Пройдя пристань, я очутился в толпе каторжных.
На берегу шли работы.
Человек семьдесят каторжников, кто в арестантской, кто в своей одежде, спускали в море баржу для разгрузки парохода.
Пели "Дубинушку", - и под ее напев баржа еле-еле, словно нехотя, ползла с берега.
Рядом с ней, на другой барже, стоял запевала, мужичонка в рваной арестантской куртке, всклокоченный, встрепанный, жалкий, несчастный, и надтреснутым, дребезжащим тенорком запевал "Дубинушку", говорившую о необычайной изворотливости, сверхъестественной находчивости его цинизма.
Какой-то цинизм, доходивший не "до грации", а до виртуозности.
Все это было, конечно, не то, чтобы вызвать смех. И никто не улыбался.
Слушали равнодушно, даже скорее вовсе не слушали, пели припев, кричали "ух" лениво, нехотя, словно и это тоже была подневольная работа.
Потом я попривык, но первое впечатление подневольного труда впечатление тяжелое, гнетущее.
Рядом вытаскивали невод.
Тащили тяжело, медленно, нехотя.
В вытащенном неводе билась, прыгала, трепетала масса рыбы.
Чего, чего там не было!

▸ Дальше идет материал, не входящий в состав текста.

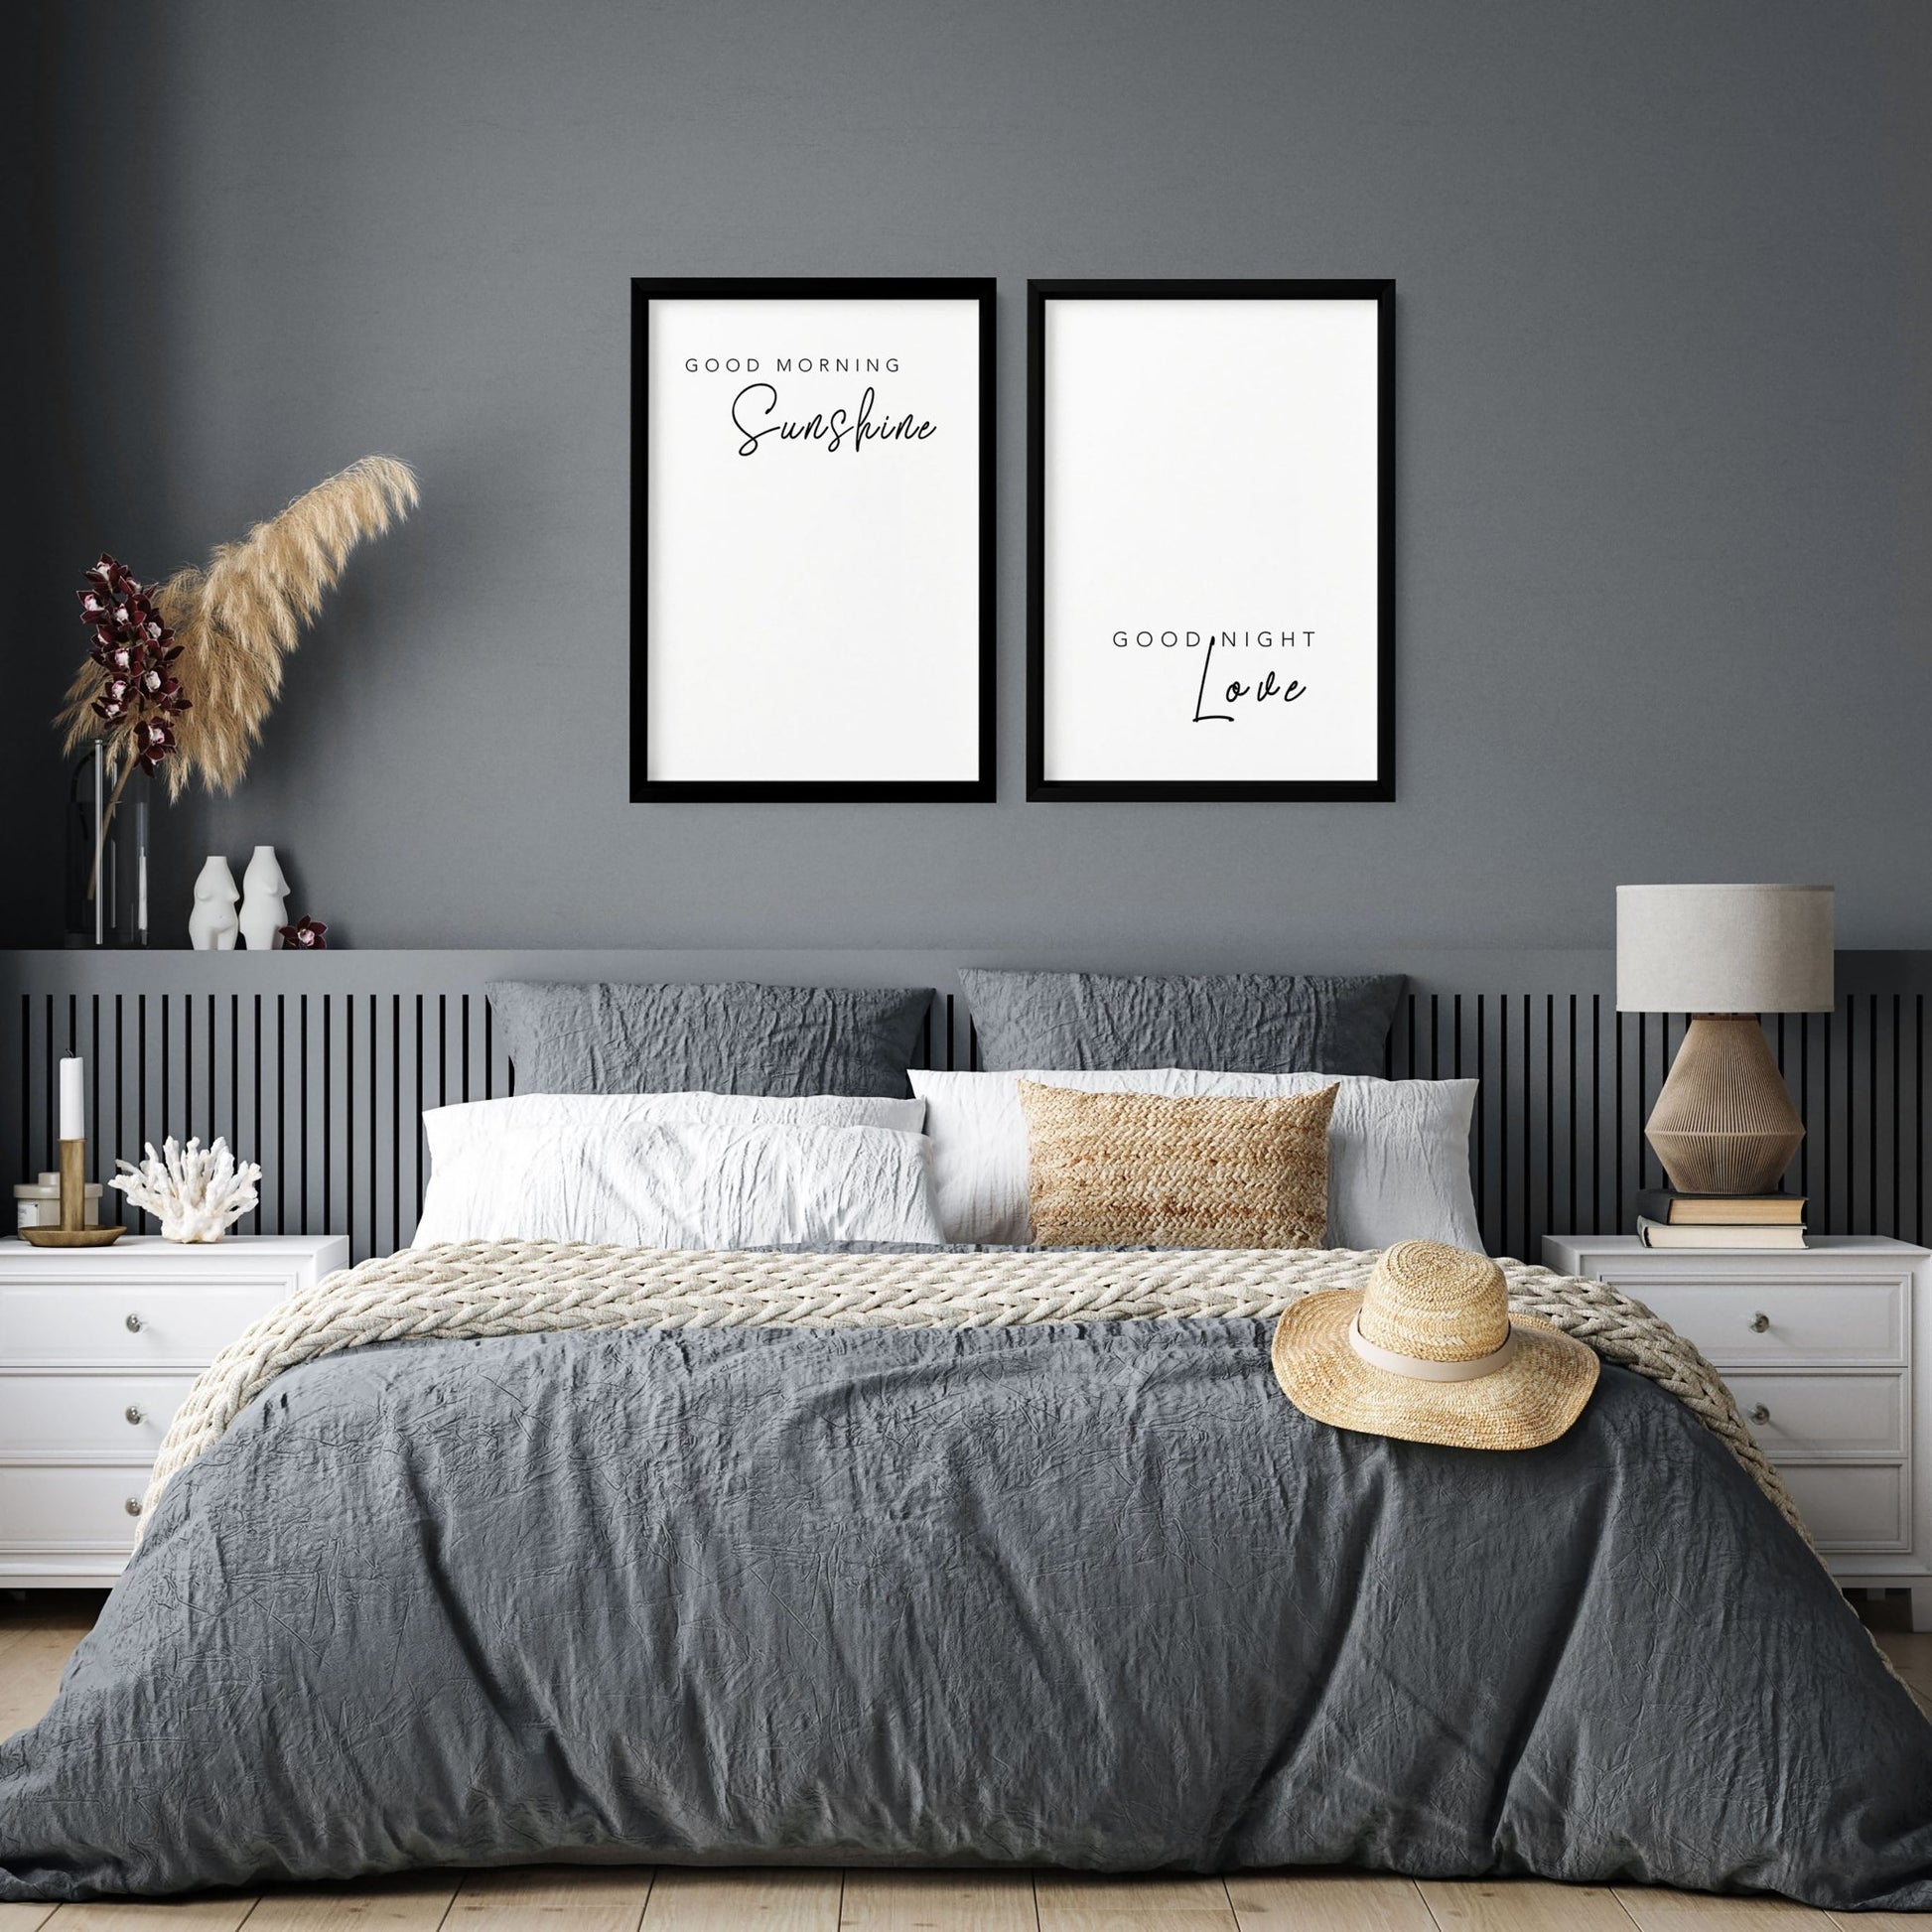 First anniversary gifts| set of 2 wall art prints for Master Bedroom - About Wall Art

Колоссальные бычки, которых здесь не едят, продолговатые с белым, словно белилами покрытым брюшком глосы, которых тоже здесь не едят, извивающиеся, как змеи, миноги, которых здесь точно так же не едят, и мелкая дрянная рыбешка, которую здесь едят.

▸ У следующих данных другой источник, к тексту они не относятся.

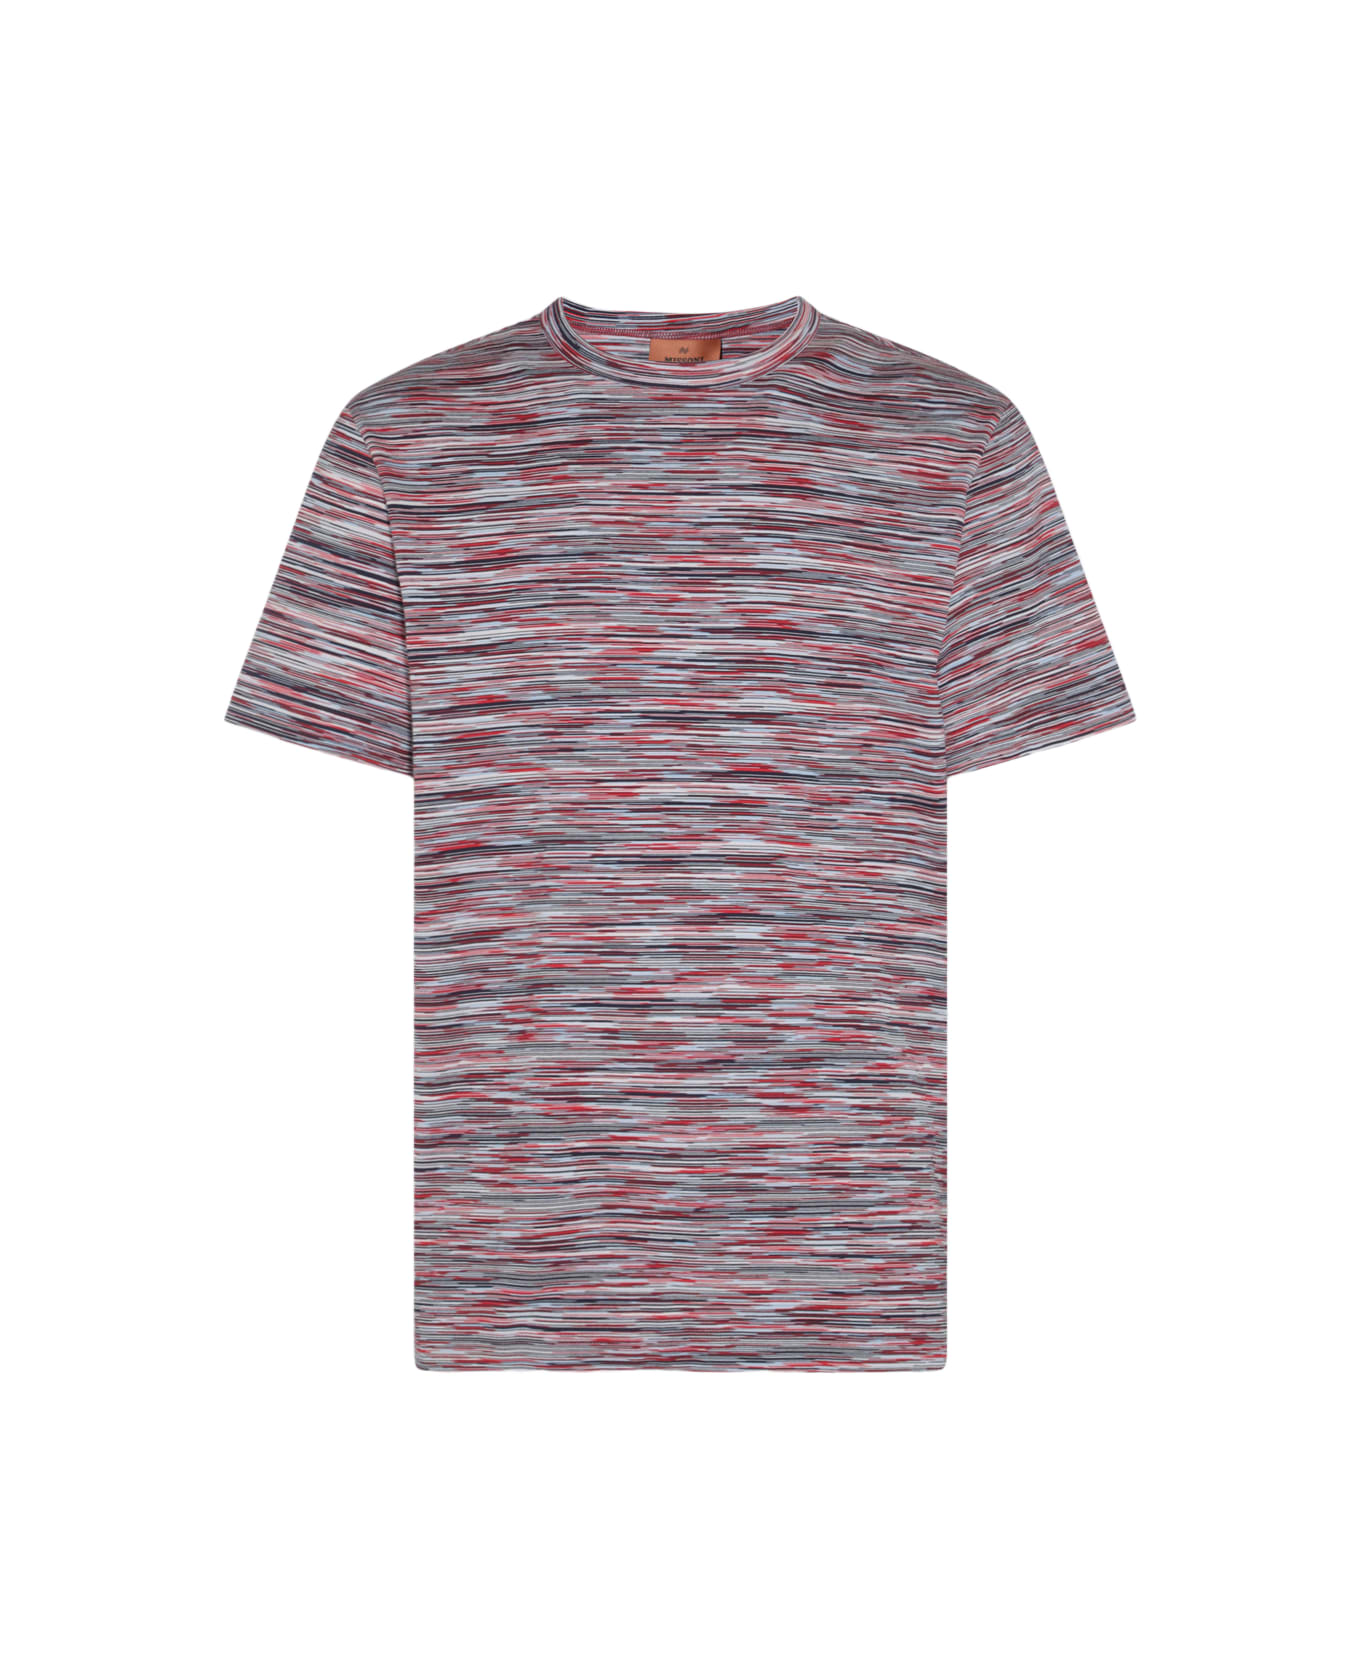 Missoni Multicolor Cotton T-shirt - RED AND BLUE SPACE DYED

Все стояли вокруг невода, а двое или трое отбирали годную рыбу от негодной с таким видом, словно они ворочали камни.
Всю дорогу от пристани до поста, вдоль берега моря, навстречу попадались поселенцы, машинально, как-то механически, снимавшие шапки.
Рука уставала отвечать на поклоны, и я был искренно признателен тем "дерзунам", которые не удостаивали мою персону этой каторжной чести.
Поселенцы бродили, как сонные мухи. Бродили, видимо, безо всякой цели, безо всякого дела.
- Так, мол, пароход пришел. Все-таки люди.
Если там, у рабочих, на лицах читалась какая-то тяжесть, то здесь была написана страшная, гнетущая, безысходная скука.
Тоска.
Такое состояние, когда человек решительно не знает, что ему с собой делать, куда девать свою особу, чем ее занять, и провожает глазами все, что мелькнет мимо: муха ли большая пролетит, человек ли пройдет, собака ли пробежит.
Посмотрит вслед, пока можно уследить глазами, и опять на лице тоска.
Песня?..
Дрожки, на которых я еду, поворачивают на главную улицу "поста" и огибают наскоро сколоченный дощатый балаган (дело происходило на Пасхе).
Рядом пустыня, какие-то ободранные качели.
У входа, вероятно, судя по унылому виду, - "антрепренер".
Около - толпа скучающих поселенцев, без улыбки слушающих площадные остроты ломающегося на балконе намазанного, одетого в ситцевый балахон клоуна из ссыльно-каторжных.
Из балагана слышится песня.
Нестройно, дико орет хор песенников.
Зазвенели кандалы. Мимо балагана проходят арестанты кандальной тюрьмы под конвоем...
Мы въезжали на главную улицу поста.
С первого взгляда Корсаковск, всегда и на всех, производит "подкупающее" впечатление.
Ничего как будто похожего на "каторгу".
Чистенький, маленький городок.
Чистенькие, приветливые чиновничьи домики словно разбежались и со всего разбега двумя рядами стали по высокому пригорку.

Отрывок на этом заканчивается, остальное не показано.